To quote from Whitman: “O me, o life of the questions of these recurring, of the endless trains of the faithless, of cities filled with the foolish. What good amid these, o me, o life?
Answer: that you are here. That life exists, and identity.
That the powerful play goes on, and you may contribute a verse.
That the powerful play goes on and you may contribute a verse.
What will your verse be?”
This is one of my favorite scenes in “Dead Poets Society”. I think that the idea of a Great Conversation spanning the whole of human history beautifully illustrates how we are connected to the past, influence the future, and are inherently connected to each other.

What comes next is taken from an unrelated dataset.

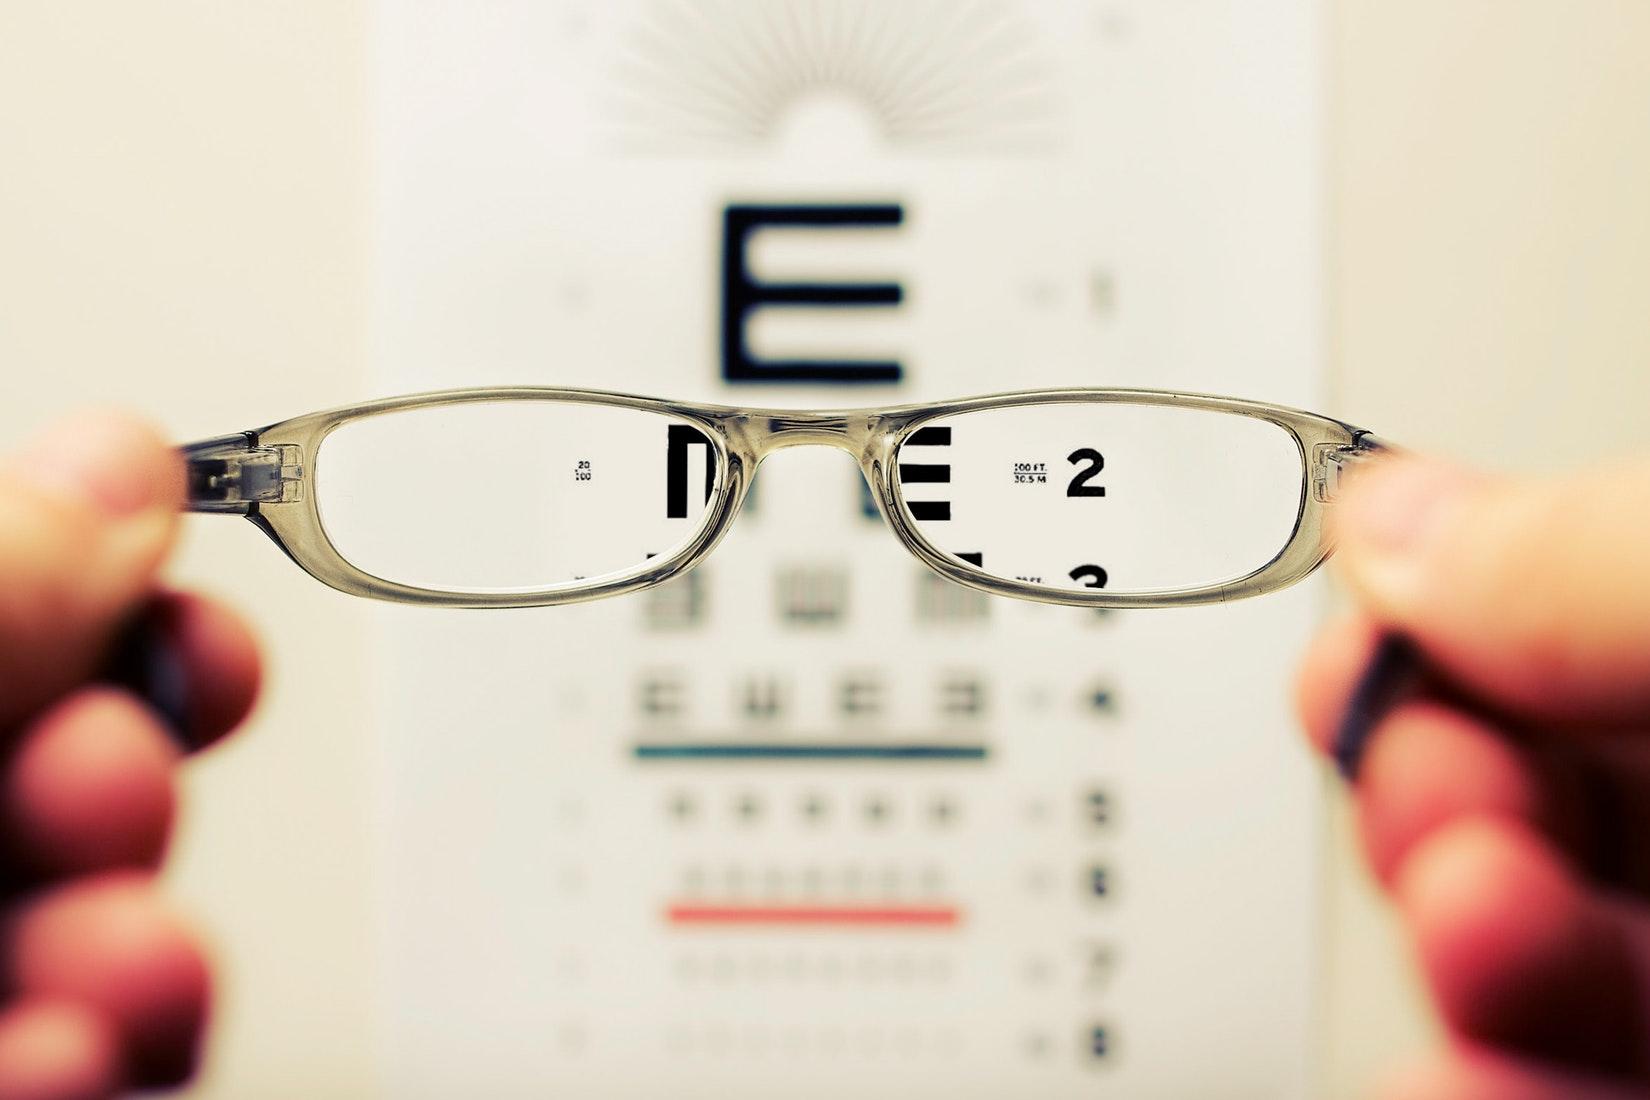 Get your eyesight checked regularly.

Not to promote some hippy dippy “We are all connected” crap, but more so to realize every word, action, thought, expression, kindness and evil will resonate out and continue to influence people far beyond our sight and lifetimes. It is impossible to predict how we will affect the course of human history. Perhaps we may create something of art or writing that influences millions, perhaps we speak a kind word and in doing do promote another to do so. Maybe we will inadvertently empower the next great atrocity. There really is no way to tell how far we will reverberate through infinity. We can however, more greatly affect the future closest to us, shifting possibilities by injecting new information into the system. We can affect probability of outcomes with our thoughts, words and actions. Some call it magic, and maybe it is. I call it life. Perhaps the two are contextually synonymous here.
We are the proverbial butterflies of chaos theory dancing about in human form.
This is the real life actualization of dreams.